I also consulted Kuiper's Hundert Jahre Schachturniere and Hundert Jahre Schachzweikampfe. The results of the former are almost all covered by Gaige, who is probably more accurate, and thence Di Felice. The match results of the latter are also included in Di Felice. The Italian web site, ' La grande storia degli scacchi', I found useful as a check, and a source for the occasional minor event not covered in the main sources.
Then I consulted a number of standard reference works, including the encyclopaediae of Sunnocks and Golombek, as well as both editions of the excellent Oxford Companion to Chess by Hooper and Whyld. I also used a few other miscellaneous books, such as Staunton's book on the London 1851 tournament and Wade's Soviet Chess (where the Petrov-Baranov match of 1809 is mentioned [actually Petrov-Kopev (June 2013)]).
Finally, I used reputable-looking internet sites to add some more obscure results here and there, including sites for American, Irish and German chess history for example. Particularly notable is the fantastically rich 'The Life and Chess of Paul Morphy' site by 'Sarah' and several of the columns at ChessCafé.
Comparison to other historical rating resultsIn the earlier version of this web site (2004), I included for comparison results obtained from the same data set using my own implementation of the Glicko rating method of Mark Glickman. I was not satisfied, however, that this comparison was completely fair. There are difficulties in estimating appropriate parameters for any given data set to use the Glicko system and I may not have made optimal choices. But even if these were to be tuned, there are other difficulties in the implementation of the Glicko system for sometimes sparse historical data. It does not respond well, for example, to the occasionally huge number of games recorded for certain matches, such as between Kieseritzky and Schulten in 1850 or Staunton and Cochrane in 1842. It is certainly better suited to handle regular play between current players, and Glickman's more sophisticated approach to the problem outlined in his PhD thesis would likely do a better job of historical data. I have not attempted this.
I also originally included Spinrad's rating results, but these only cover the 28-year period from 1836 to 1863. As I extended my ratings to the end of the nineteenth century and beyond, it seemed less useful to include this comparison for just a few years.
Thus, I now concentrate on my own rating system. It is, after all, the Edo Historical Chess Rating site. The most interesting comparison might be that between my ratings and the Chessmetrics ratings, which constitute a comparable historical rating effort, in fact a more ambitious one, as they continue up to the present era. However, it would be laborious to transfer this information, which might change with updates to the Chessmetrics site, and in any case one can compare by looking at the two sites if one wishes.

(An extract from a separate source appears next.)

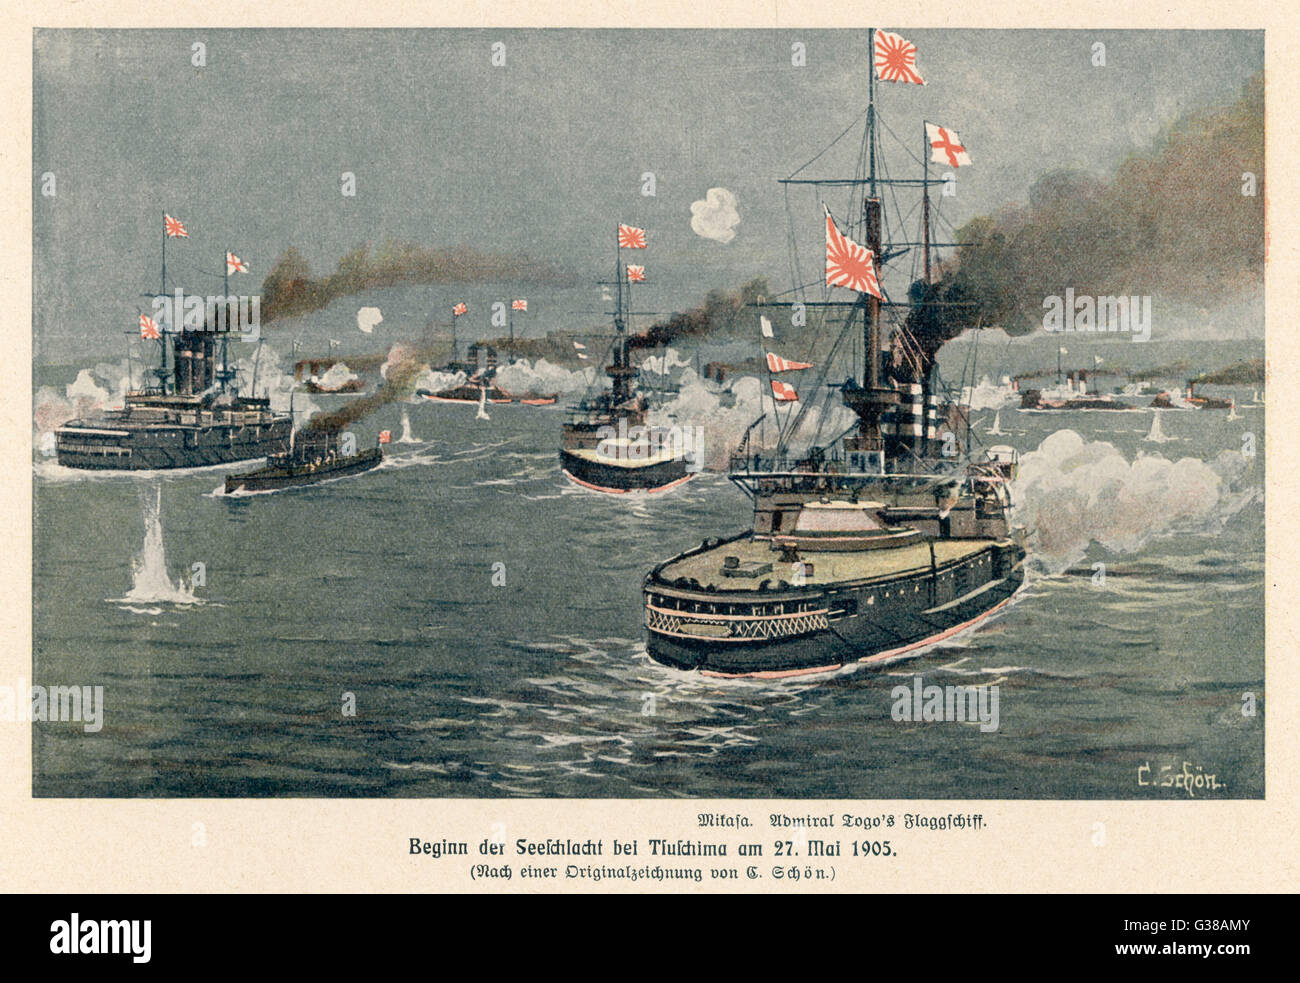 Schlacht von TSUSHIMA Straße der japanischen Admiral Togo dampft in Aktion in seinem Flaggschiff "Mikafa", eine überwältigende Niederlage der russischen Flotte termingerecht zuzufügen: 27. / 28. Mai 1905 Stockfoto

A note on comparison to the new Chessmetrics ratingsAs of March 2005, there is an entirely new Chessmetrics rating system that Jeff Sonas has implemented. Not only has he taken a similar data collection approach to mine (using Jeremy Spinrad's data set and Gaige's Vol. 1 as a basis for the nineteenth century), but he has been thinking along somewhat similar lines with the theory as well.
His system is still a 'forwards' system, rather than a time-symmetric system like Edo (i.e., no later results are used in calculating a rating at a particular time). However, he does use an iterative 'simultaneous' calculation, applied to results over the 4-year period leading up to a particular rating period, so it is not strictly an 'update' system either. The results over that 4-year period are weighted so that the further back in time they are the weaker their effect on the current rating. Because of this 4-year memory of his system, each player gets a rating for 4 years after their last result, whereas the Edo system cuts them off immediately. However, the Edo system will give a rating over a gap of inactive years between active ones, no matter how long (with larger uncertainties in the middle of the gap, of course), whereas the Chessmetrics ratings will stop 4 years into a gap and restart when later results begin again.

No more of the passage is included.